> [Brief]:
For this exercise, the lines from the one with "Black Tall Straight" through the end of the material below must be output exactly, without pictures.

> [Input data]:
******************************
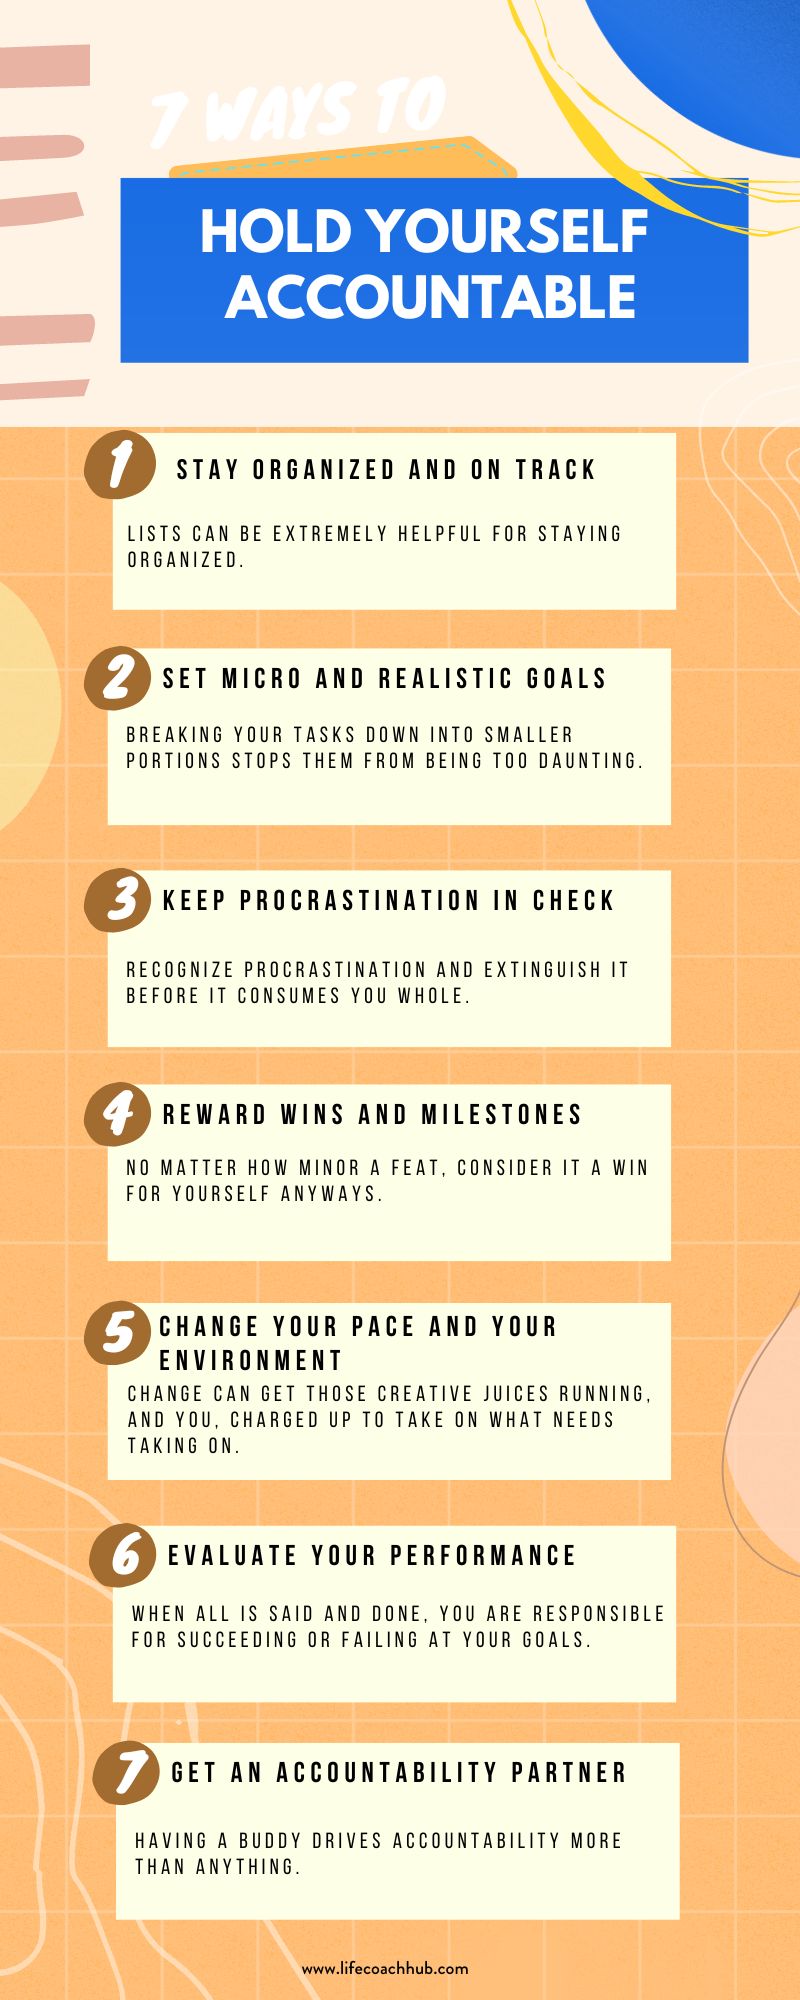 7 ways to hold yourself accountable infographic coaching tip
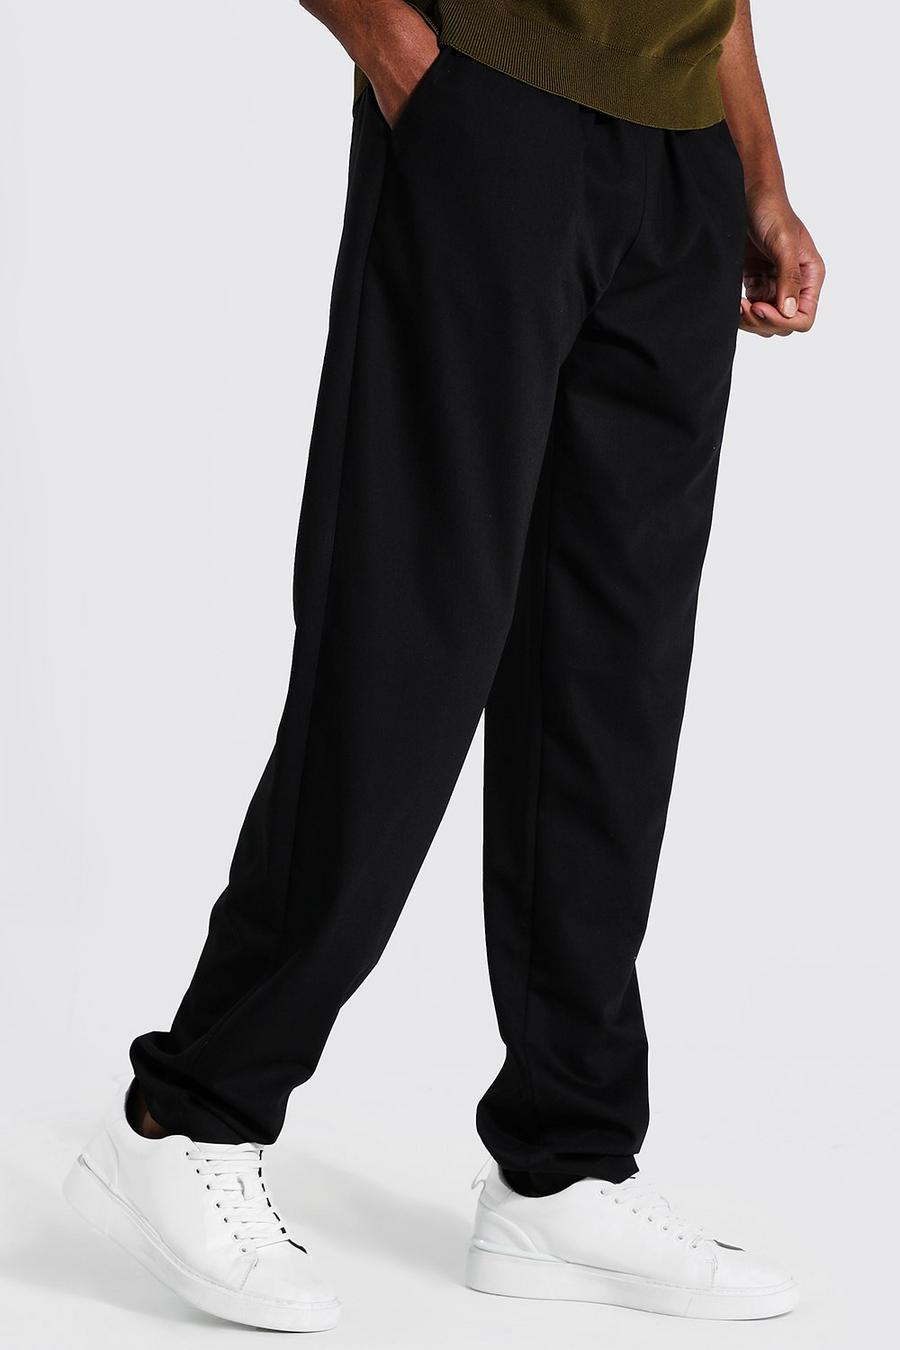 Black Tall Straight Leg Woven Track Pants image number 1
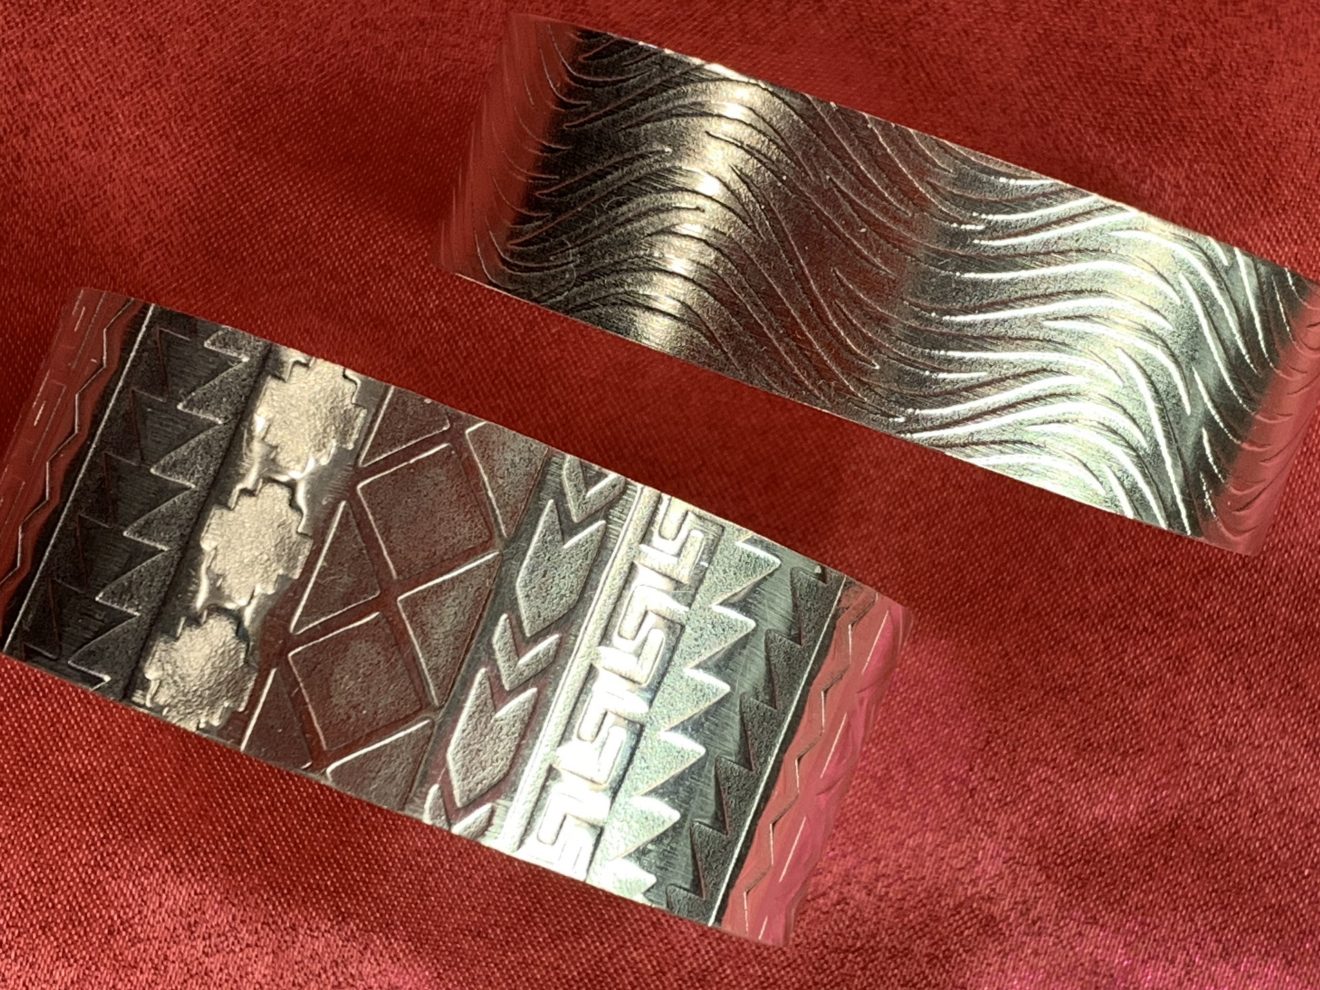 Closeup of two silver cuffs on a red background.
******************************
> [Answer to the exercise]:
 Black Tall Straight Leg Woven Track Pants image number 1
 Closeup of two silver cuffs on a red background.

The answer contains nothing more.